ずっと指輪を見ながらニヤニヤしているアリッサを広場においてガオゴウ家に戻った。
仲居さんにサキさんとレンさんの居場所を聞いたところ、サキさんは道場で鍛錬中でレンさんは、自室で書類仕事をしているというので、まずはサキさんに会いに道場に行くことにした。
道場に入るとサキさんは拳法着姿で刃のついた薙刀を振り回していた。訓練用のものより重いはずなのにその動きは変わらず鋭い……。今から贈る武器も使えそうで一安心です。どうやら一息ついたようで、見学していた私に気がつくと手ぬぐいで汗を拭きながら私のところに来てくれた。
「こんにちはマルレリンドさん、あなたも訓練ですか?」
「いえ、鍛冶師スキルがLv10になった記念にお世話になっている人に贈り物をしたいと思いまして……」
「あら!そんなお気遣いなさらなくても良かったのに!」
「これなんですが、どうでしょうか?」
私は、インベントリからオリハルコン青龍偃月刀を取り出しサキさんに渡した。
「この吸い込まれるような刃、片手でも両手でも扱えるちょうどよい柄の長さ、そしてこの重量感」
うっとりとした表情で武器を眺めるサキさん。装飾品より武器のほうが良いだろうという直感は当たっていたようで嬉しかった。
「この武器の真価は振ってこそわかります!どうぞ試してみて下さい!」
「そうなの!?ではちょっと失礼します」
そう言って彼女は嬉しそうに青龍偃月刀を構えて最初の一振りをした。
あの大きさの武器からは出るはずのないヒュン!という高い風切り音がした。
「軽い……振るときだけ軽い……。でも重さはそのまま……威力を落とさず速度が上がった……すごいわ」
「喜んでいただけたようで嬉しいですわ」
「素晴らしい武器をありがとうございます」
お礼を言うとすぐに手になじませようと一心不乱に武器を振り始めたサキさんに気が付かれないようにそっと道場を後にした。

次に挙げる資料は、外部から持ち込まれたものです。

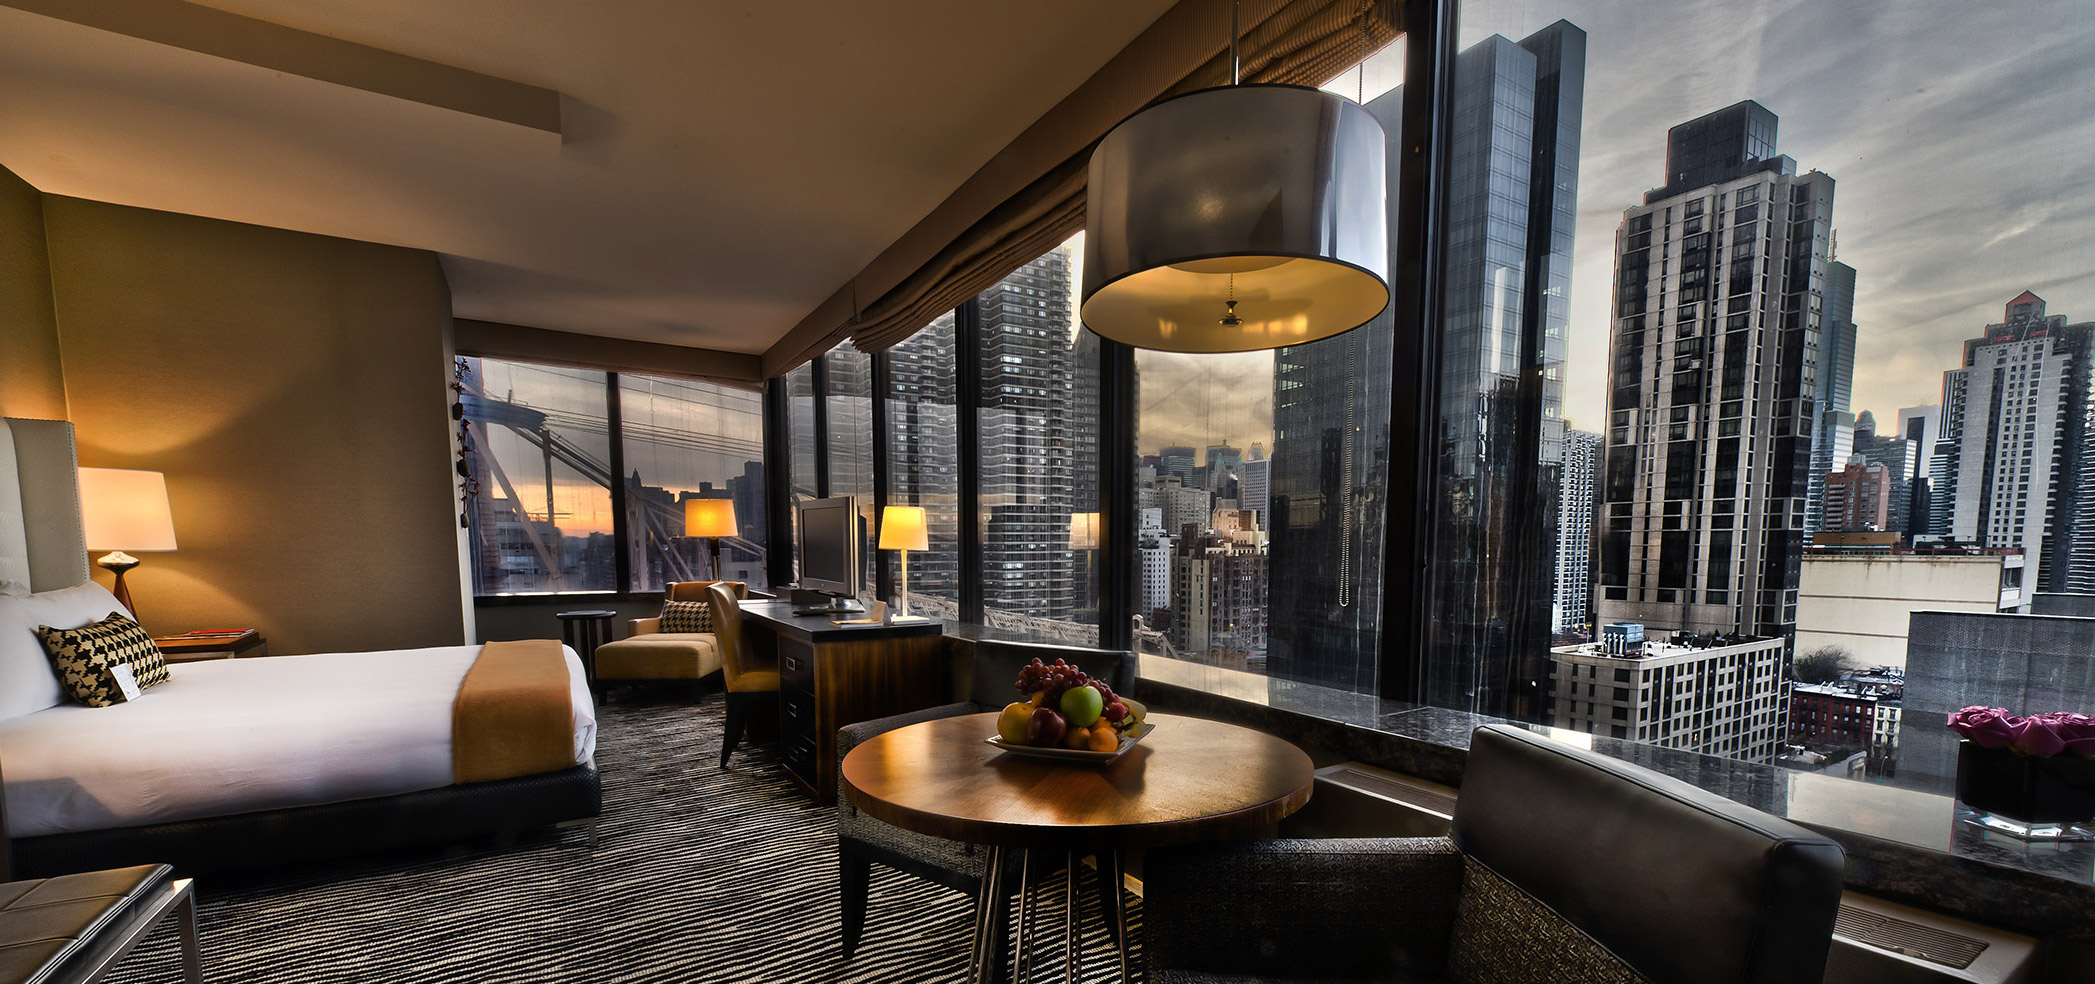 New York Hotels That Offer The Best View Of The City ...
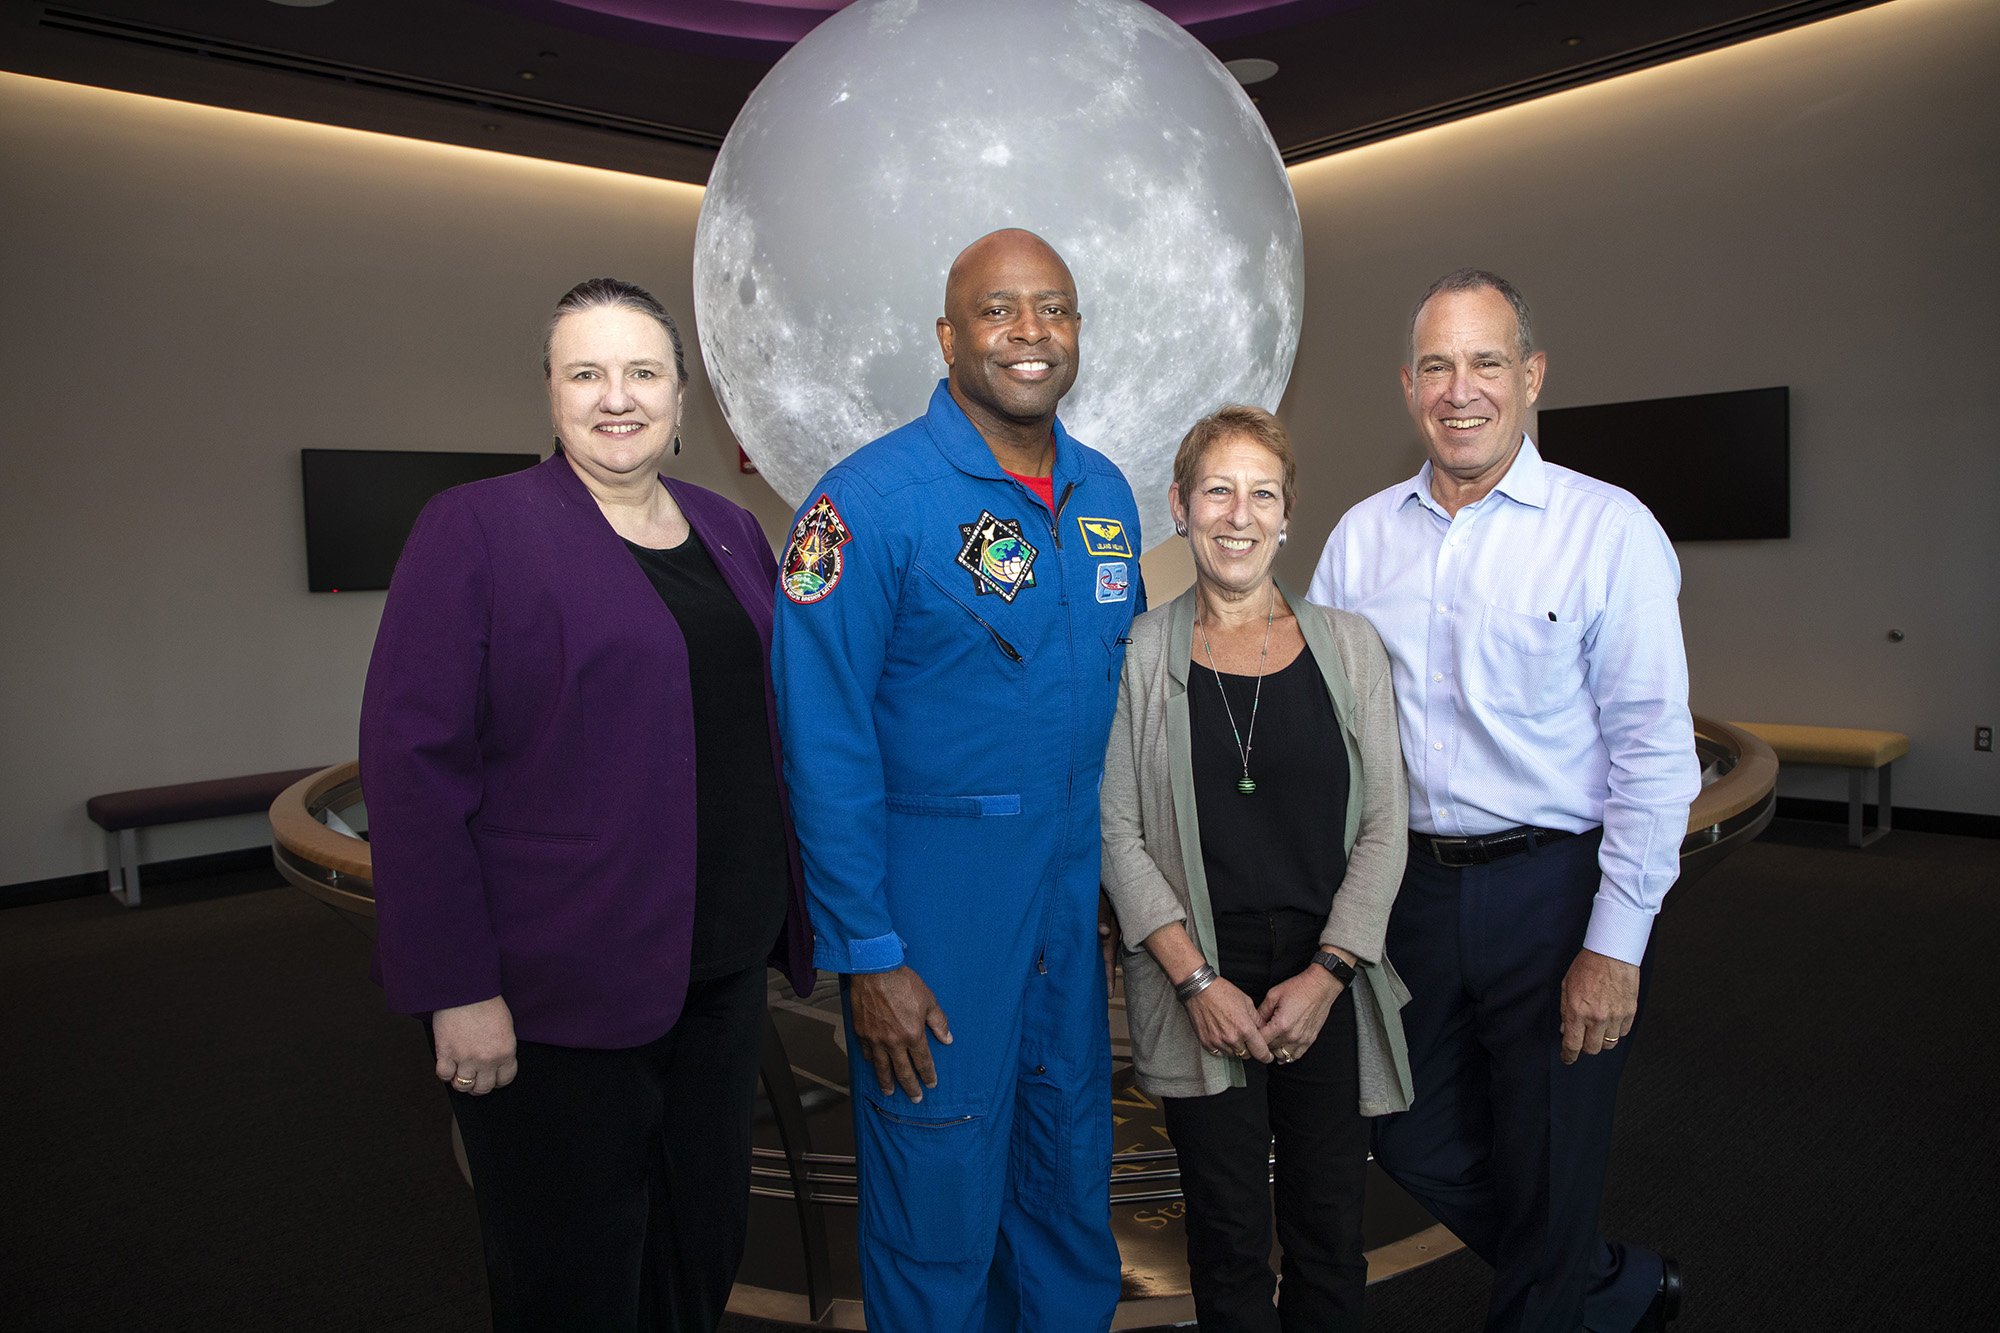 CNSE Dean Michele J. Grimm, Former NASA Astronaut Leland Melvin, Caryn Bunshaft '82, and Albert Bunshaft '80 have their photo taken in the Sphere Room at UAlbany's ETEC.

さて!次はレンさんですね!初の改造武具が上手く行くかどうか……。製法はレイクランドの杖とほとんど同じなのできっと大丈夫なはず!?
私は、少々の不安をいだきながらレンさんの部屋へと行くことにした。襖の前の畳張りの廊下に正座し「失礼します」と声を掛け襖を開ける。するとそこには書き物机の前であぐらをかき書類に目を通しているレンさんがいた。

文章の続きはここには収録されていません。